Среди участников заговора были, разумеется, люди разные.

Первые пятнадцать лет 19-го века представляются мне самым блестящим периодом во всей истории России. Подход к этому времени был, по многим причинам, нелегкий. Нужно было прежде всего преодолеть в себе и казенного Иловайского, и Иловайского революционного, — для людей моего поколения второй был опаснее первого. Как романиста, меня в первую очередь занимали не исторические события, не политические явления, а живые люди.
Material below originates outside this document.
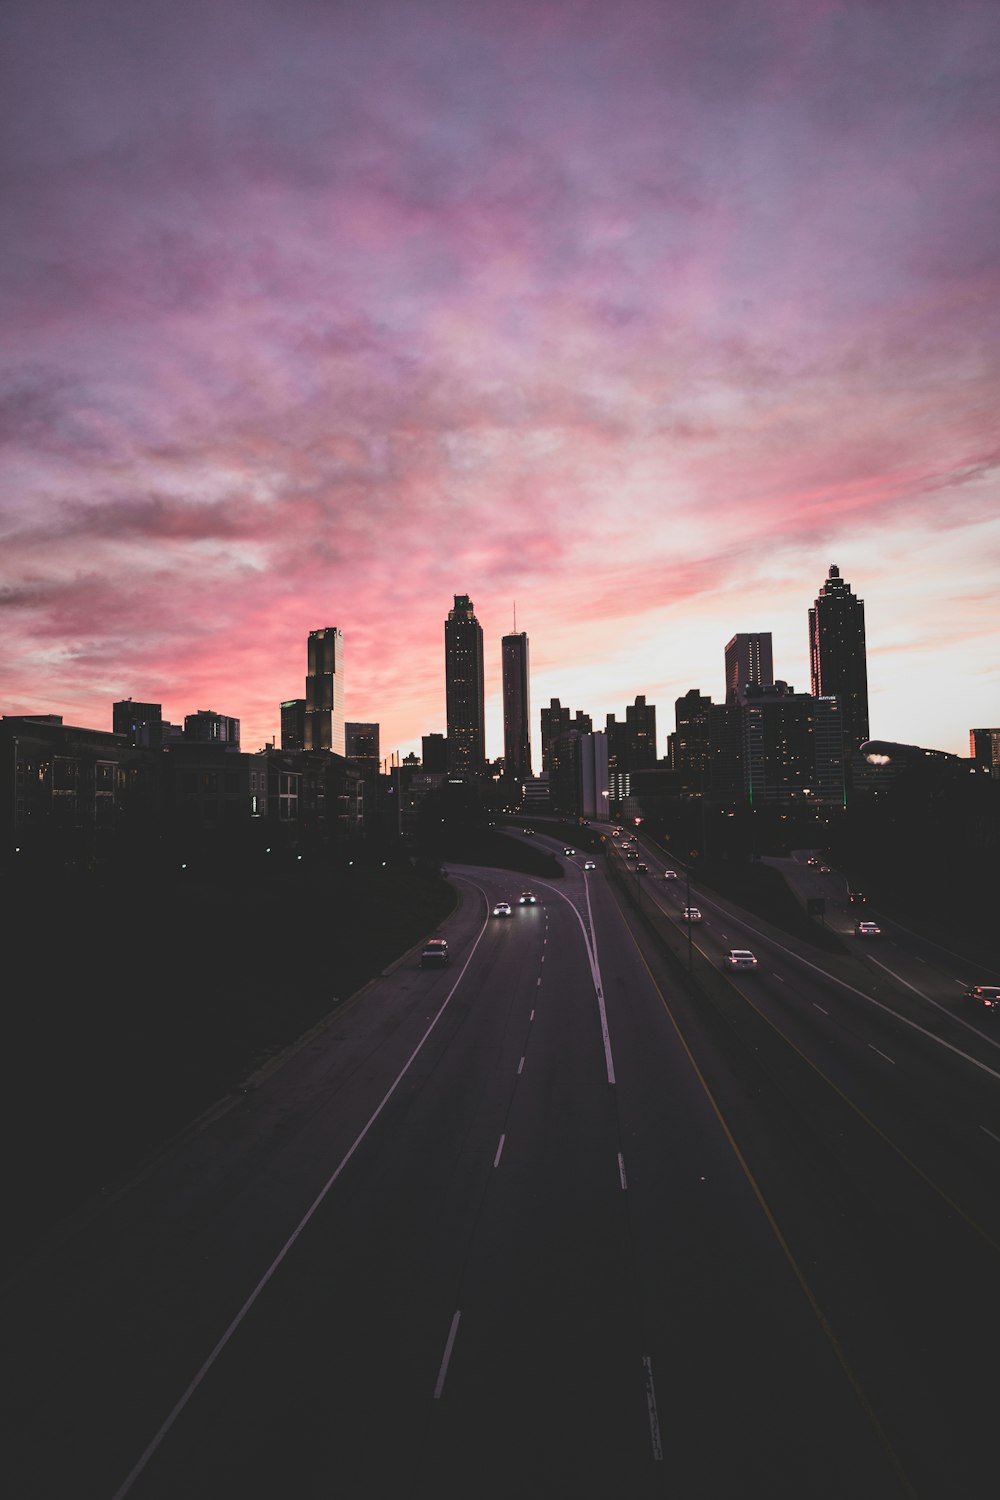 Voitures voyageant sur l’autoroute sous un ciel nuageux gris et rose au coucher du soleil

Долголетнее изучение документов, относящихся к

людям

, убедило меня в том, что не только наиболее выдающиеся из русских деятелей конца 18-го и начала 19-го веков (Суворов, Пален, Безбородко, Панин, Воронцовы), но и многие другие (Талызин, Вал. Зубов, Яшвиль, Завадовский, Строгановы, С. Уваров) в умственном и в моральном отношении стояли не ниже, а выше большинства их знаменитых западных современников, участников Французской революции. Убийцы Павла I составляли небольшую часть блестящей исторической группы. Но и часть эта отнюдь не была однородной: заговорщики говорили на разных языках — даже почти в буквальном смысле этого выражения.

[1]

Если б граф Пален остался у власти в царствование Александра I, вероятно, история России (а с ней и европейская история) приняла бы иное направление. Гадать на эту тему не приходится, но всемирное историческое значение дела 11 марта достаточно очевидно.

ЧАСТЬ ПЕРВАЯ

I

Солнце четко очерченным малиновым шаром просвечивало сквозь молочный туман. Казалось, будто странная чужая планета подошла к освещенной не ею земле и неподвижно повисла в тусклой белизне неба.

К Кушелевскому театру беспрерывно подъезжали экипажи, каждый раз неожиданно вырастая в тумане перед глазами будочников. Поспешно соскакивали лакеи, откидывали подножки карет и высаживали господ, которые, беспокойно оглядываясь на темневший вдали тенью Зимний дворец, осторожно по мерзлым ступеням лестницы поднимались в сени театра, бледно светившиеся дрожью масляных фонарей. Будочники, переводя глаза от седоков к кучерам, мгновенно меняли почтительное выражение лиц на злобное и строгое. Кареты быстро отъезжали, исчезая за серой стеной тумана.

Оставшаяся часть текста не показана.